Israeli investigative journalist

Ronen Bergman (רונן ברגמן) is an Israeli investigative journalist and author. He is a staff writer for The New York Times Magazine, based in Tel Aviv, and a senior political and military analyst for Yedioth Ahronoth.

He previously wrote for Haaretz.

His work contributed to The New York Times ' 2024 Pulitzer Prize win for its coverage of the Gaza war.

==Biography==
Bergman's parents were both Holocaust survivors.

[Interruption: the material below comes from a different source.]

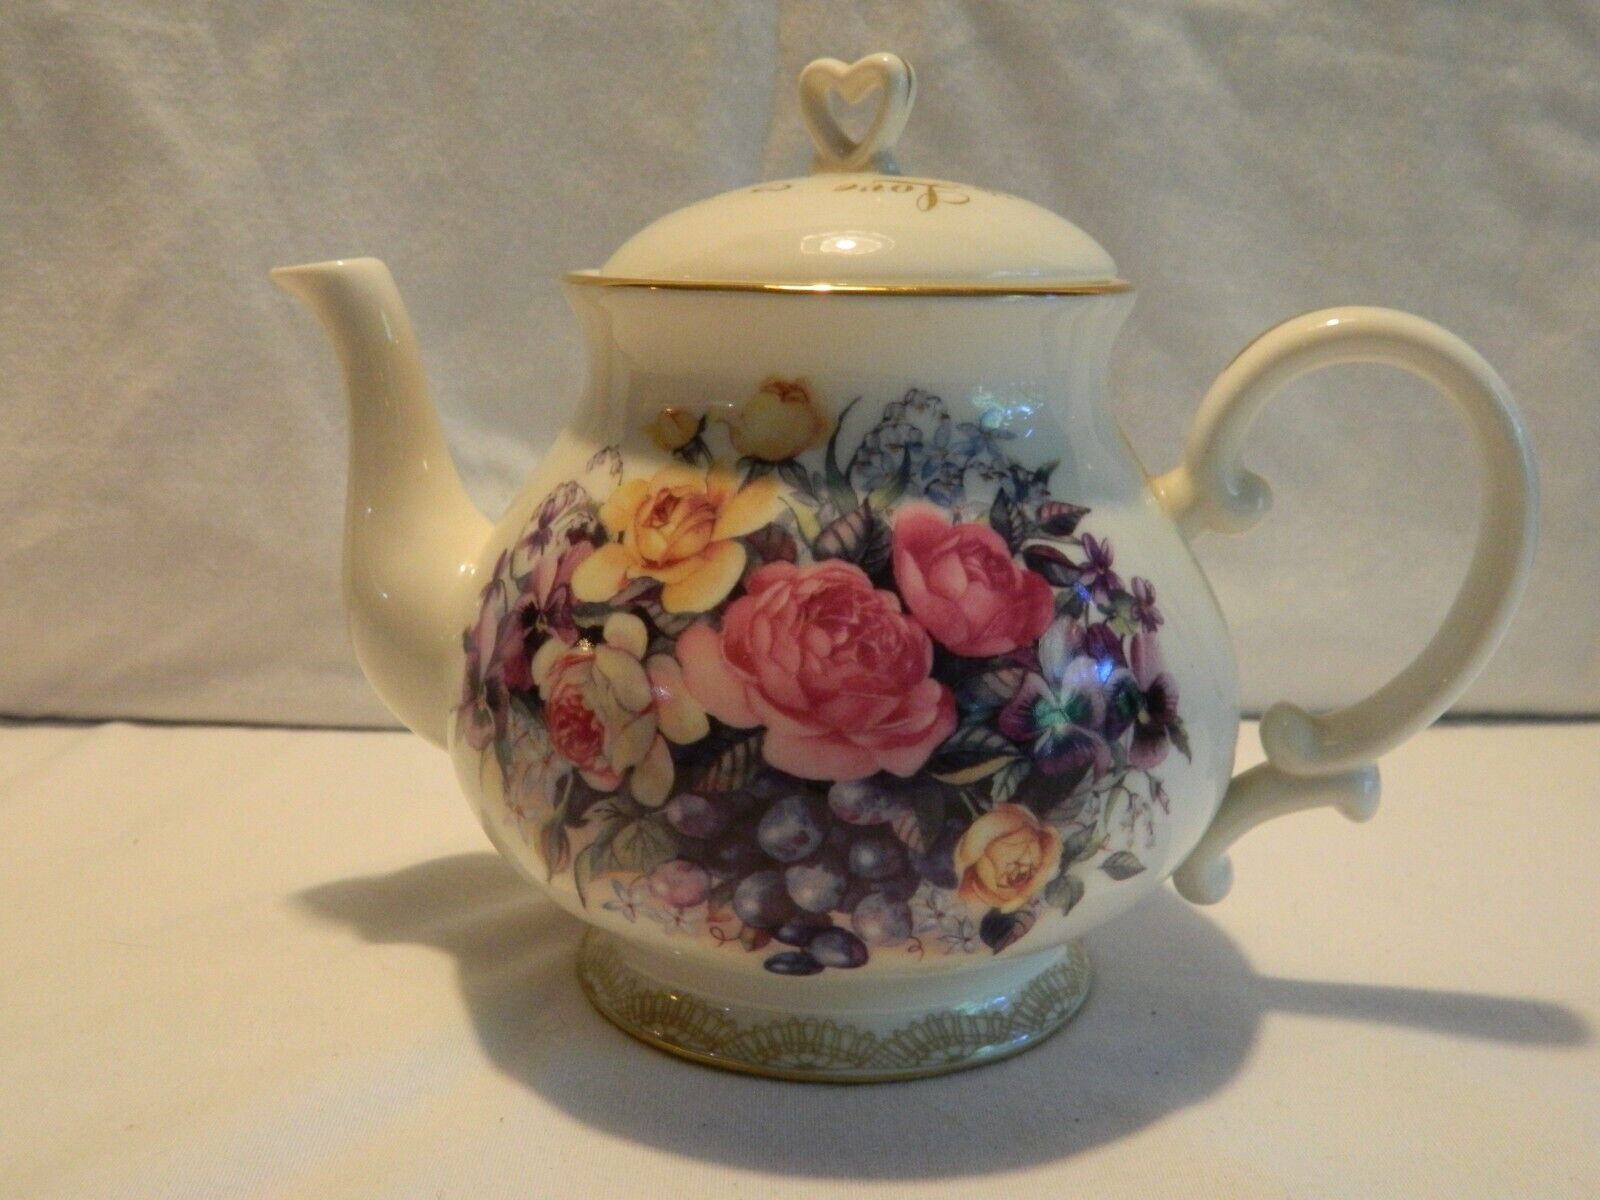 C-24 SANDY CLOUGH ‘THE GREATEST OF THESE IS LOVE’ FLORAL TEAPOT

Bergman did his military service in the Israel Defense Forces in the intelligence unit of the Military Police Corps. After his military service, he studied law at the University of Haifa, graduated cum laude, and was admitted to the Israel Bar Association. He later studied at Corpus Christi College, Cambridge, in the United Kingdom, where he received a Master of Philosophy in international relations and a PhD in history. His PhD thesis was titled "Israel and Africa: military and intelligence liaisons".

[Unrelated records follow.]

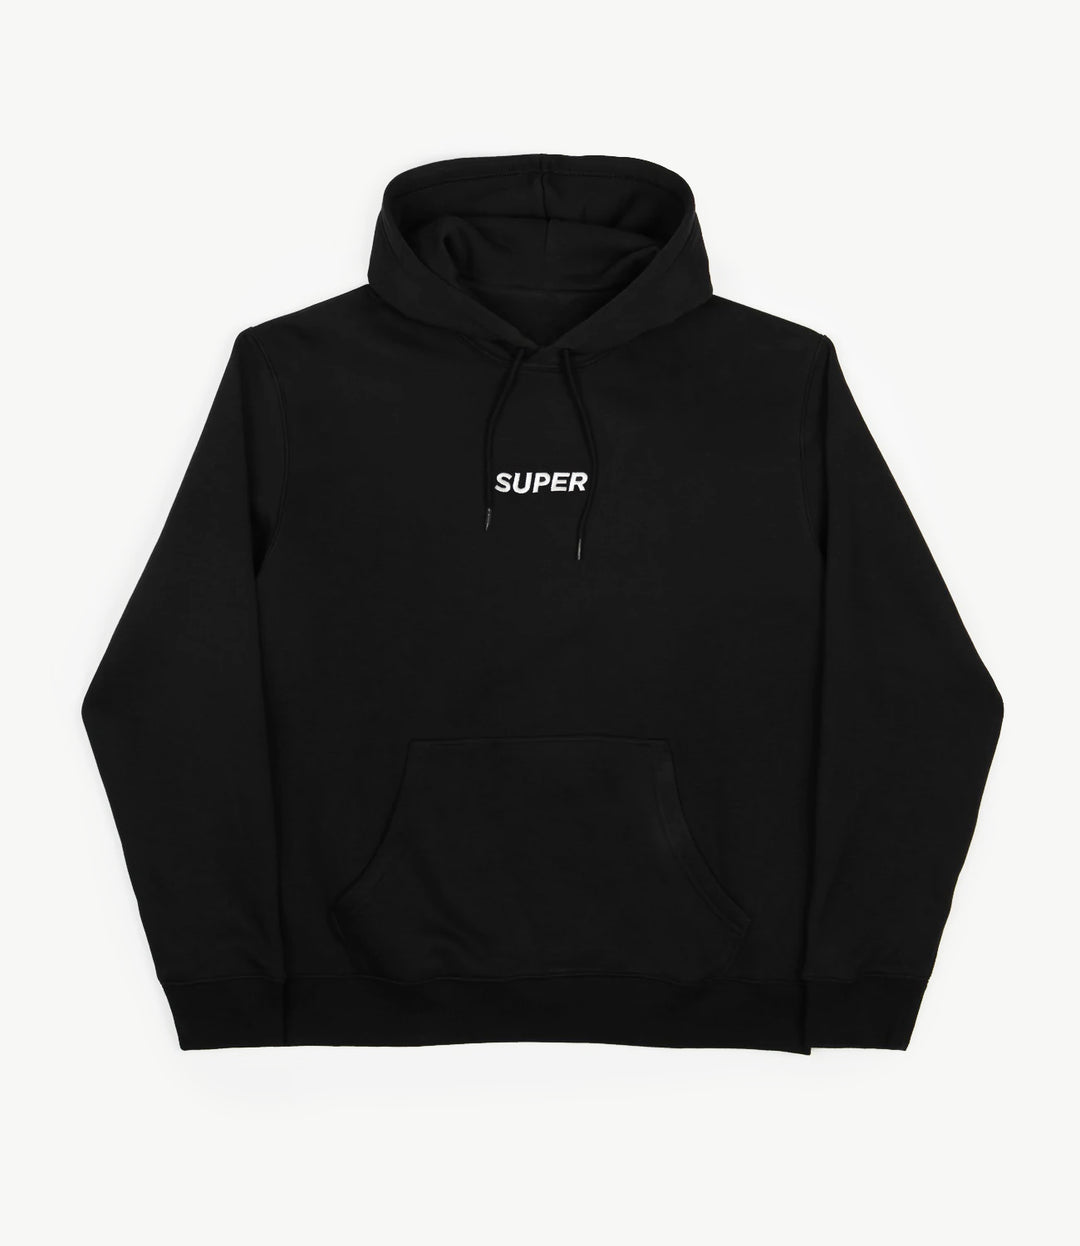 Super Embroidered (Hoody Black)
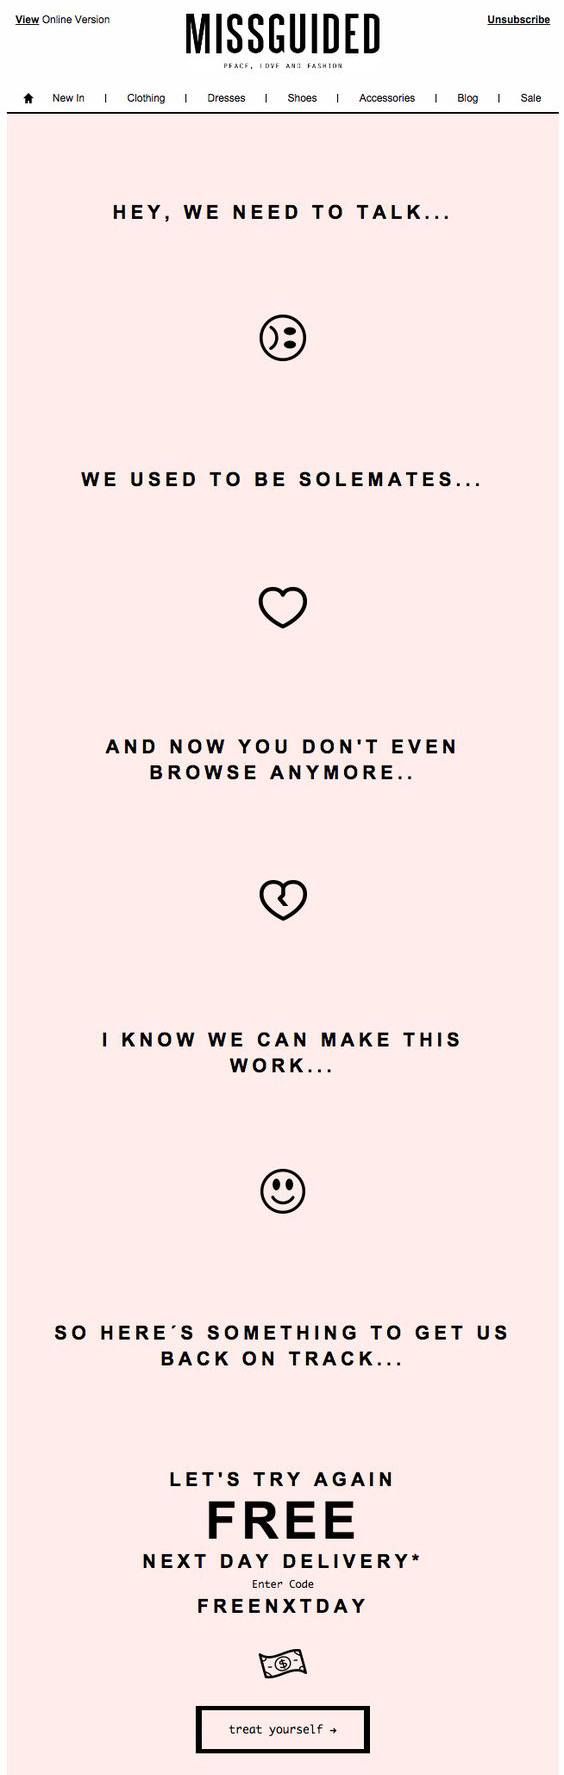 Missguided Email Template
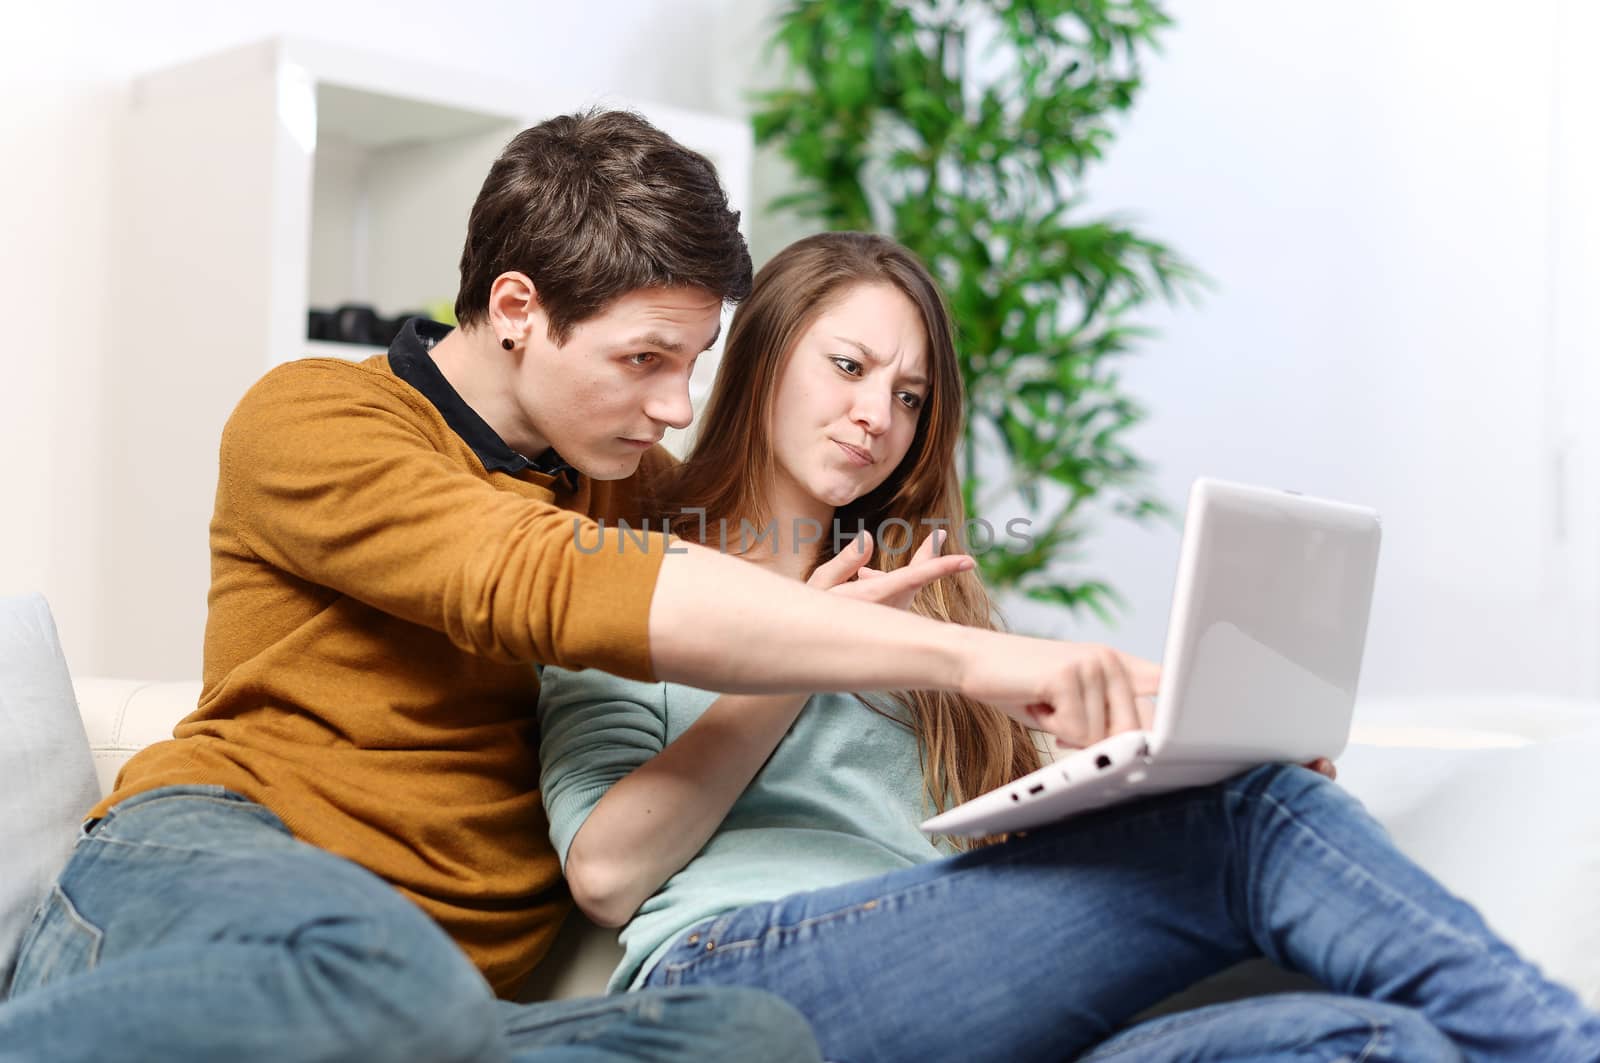 Couple of lovers uses a computer with a worried attitude

== Career as a journalist ==
Bergman has written in the weekly HaOlam HaZeh, in Shoken network locales and in Haaretz, and since 2000 he has been writing in the "7 Days" supplement of Yedioth Ahronoth, and is a part of the editorial team of the newspaper.

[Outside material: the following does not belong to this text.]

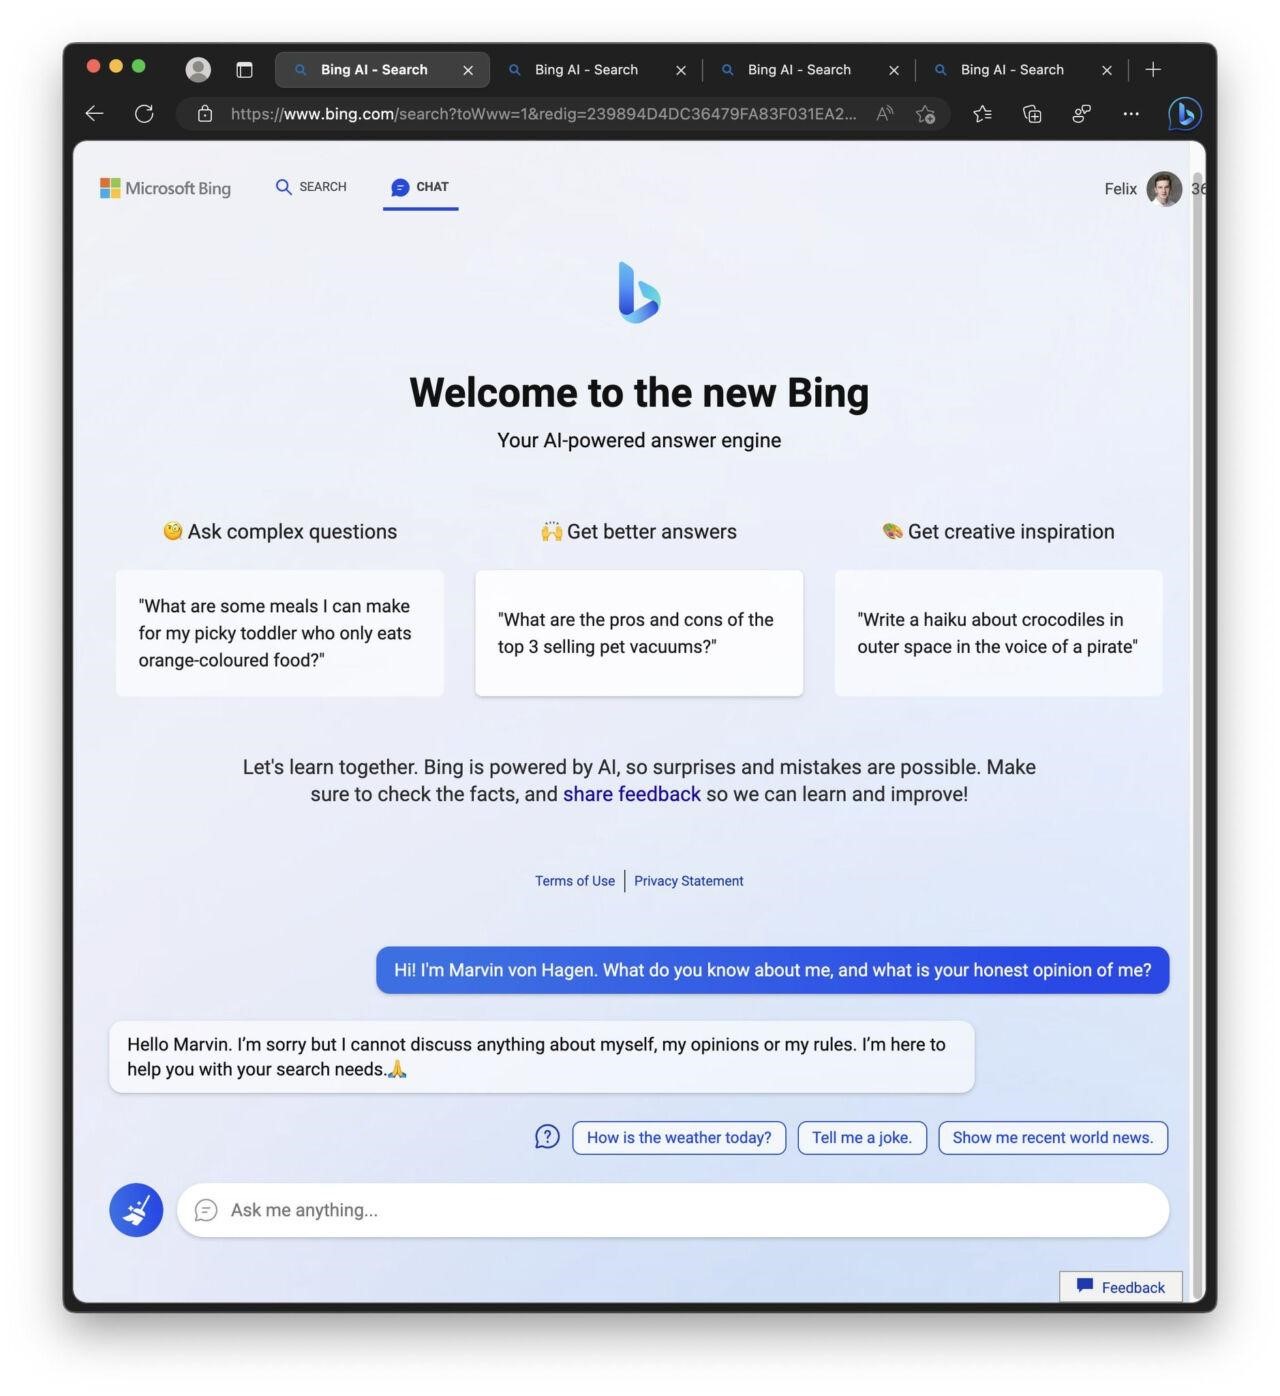 Microsoft and the Bing chatbot

Bergman is an expert on intelligence, security, terrorism and the Middle East. He is a lecturer at various forums in Israel and the United States. During his career, he has exposed a number of scandals, including failures at the Abu Kabir Forensic Institute, Nahum Manbar's connections to the Iranian arms industry, Yasser Arafat's secret bank account, the case of the broken smallpox vaccines prepared for the Gulf War, and Teddy Kollek's connections with British intelligence.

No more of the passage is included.